Excerpted records:
+++

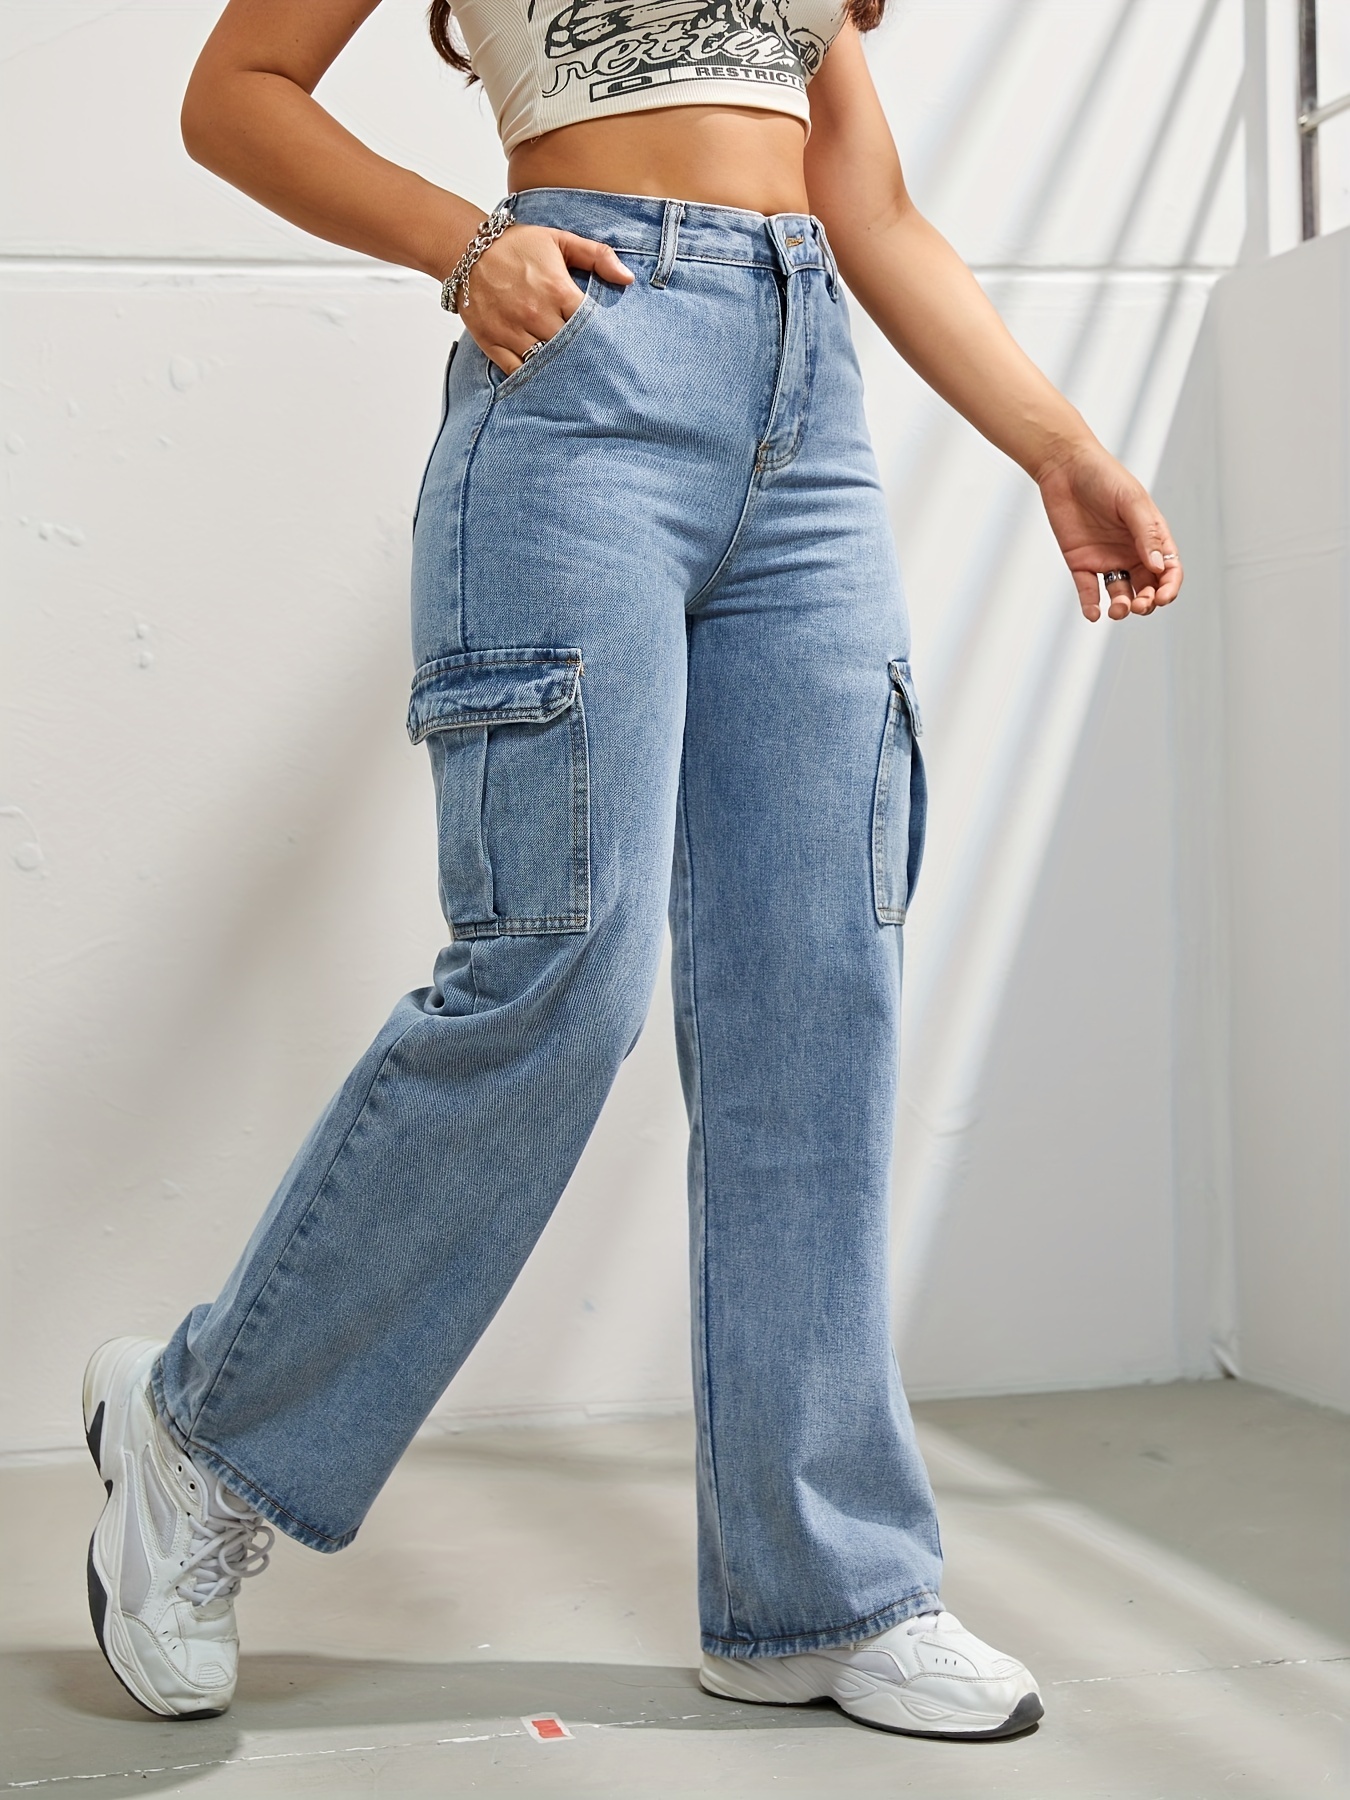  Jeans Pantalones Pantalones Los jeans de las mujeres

+++

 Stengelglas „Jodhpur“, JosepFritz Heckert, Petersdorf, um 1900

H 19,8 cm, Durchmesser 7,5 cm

+++

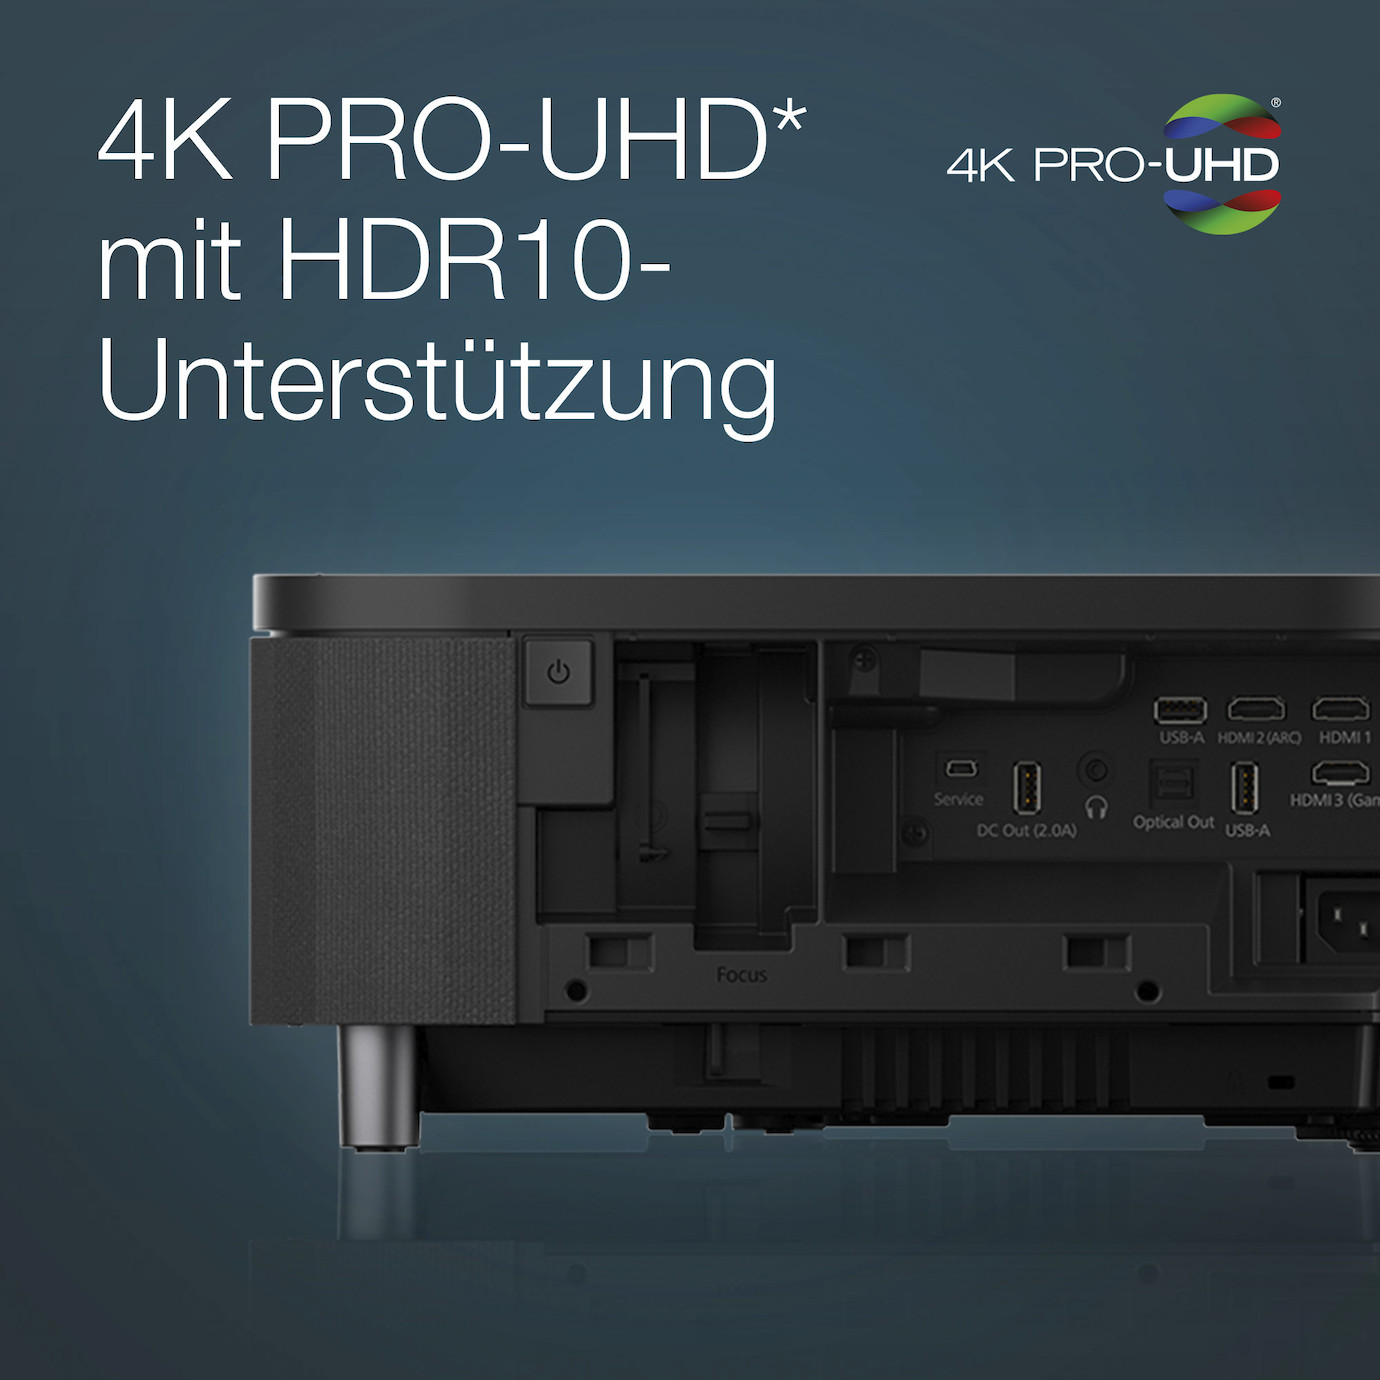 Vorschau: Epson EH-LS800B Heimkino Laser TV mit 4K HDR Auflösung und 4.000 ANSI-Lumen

+++

Exercise brief:
Repeat exactly the lines above from the one with "Petersdorf, um 1900" up to and including the one with "H 19,8 cm, Durchmesser 7,5 cm". No other line belongs in the reply.

Solution to this exercise:
 Stengelglas „Jodhpur“, JosepFritz Heckert, Petersdorf, um 1900

H 19,8 cm, Durchmesser 7,5 cm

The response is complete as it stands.